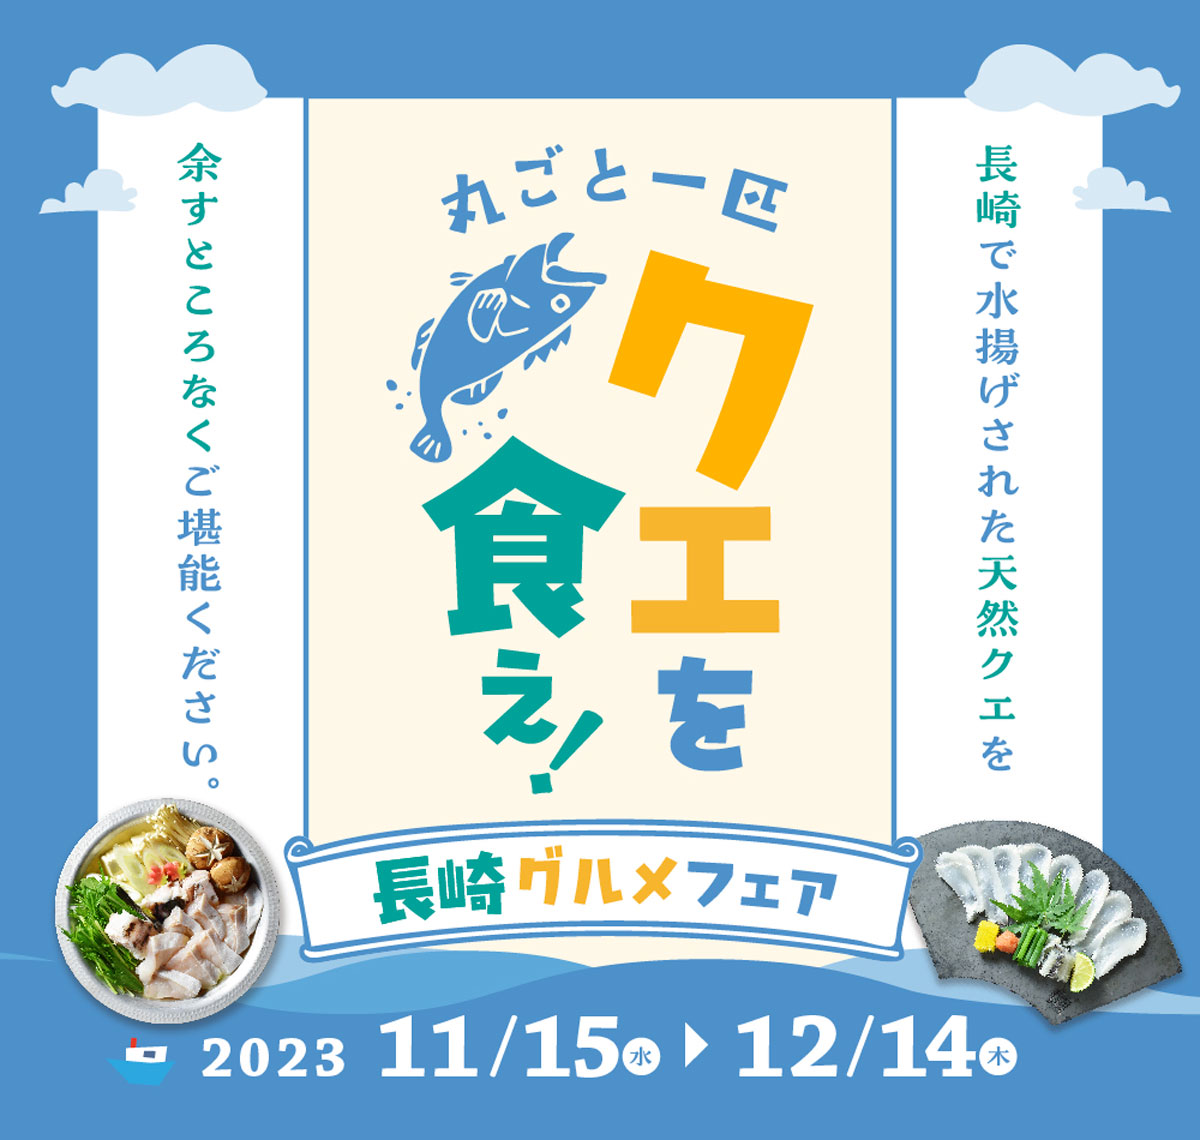 株式会社ワールド・ワンが「丸ごと一匹クエを食え！長崎グルメフェア」を開催中　神戸市 [画像]
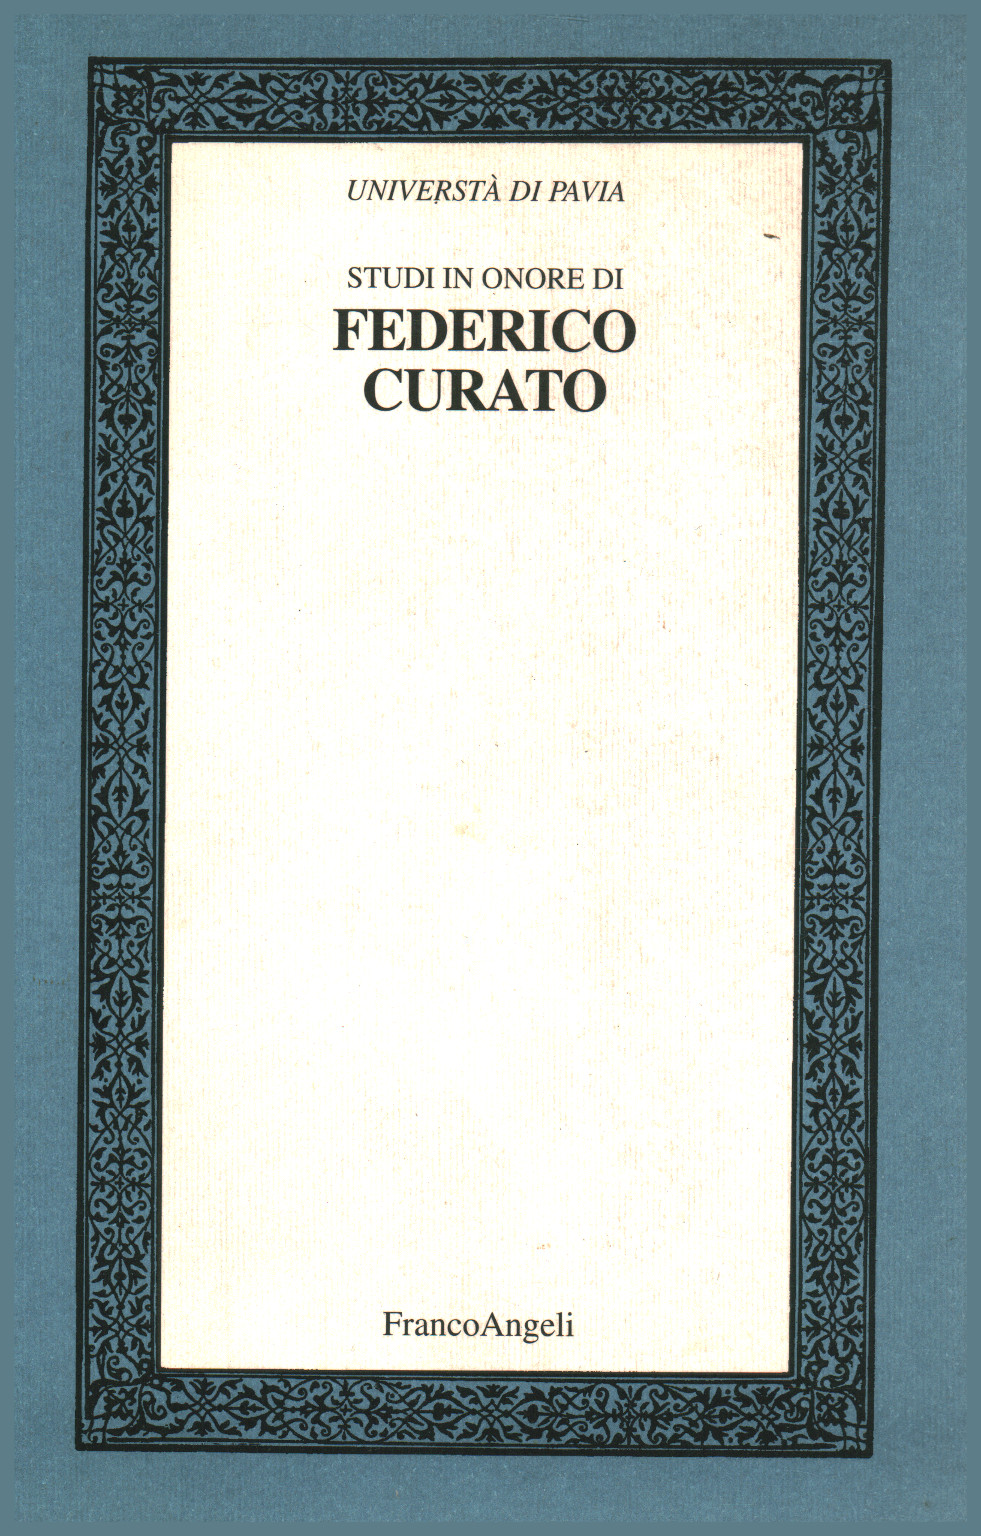 Études en l'honneur de Frédéric Édité Volume II, s.un.
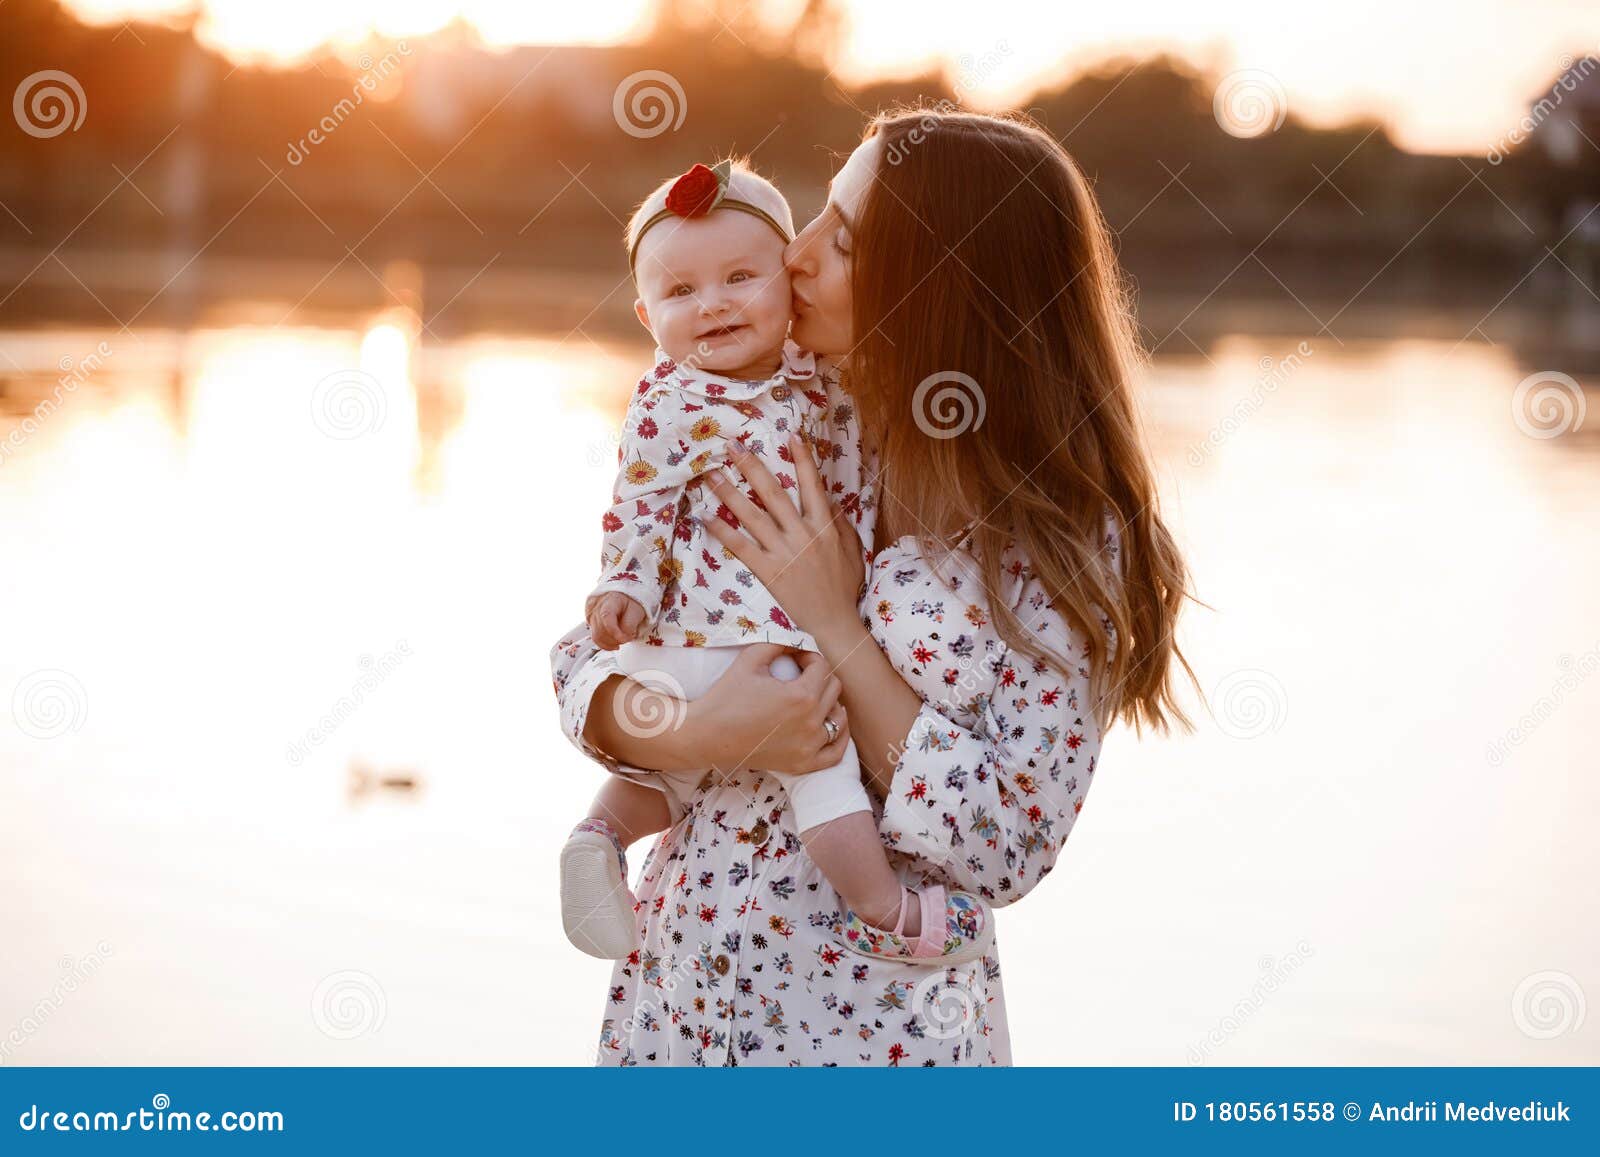 Girl kissing mother at a lake Stock Photo, Royalty Free

++++++++++

Task objective = Word for word and without pictures, restate only the lines running from the one that contains "Études en l'honneur" through the last line of the listing above.

Answer =
 Études en l'honneur de Frédéric Édité Volume II, s.un.
 Girl kissing mother at a lake Stock Photo, Royalty Free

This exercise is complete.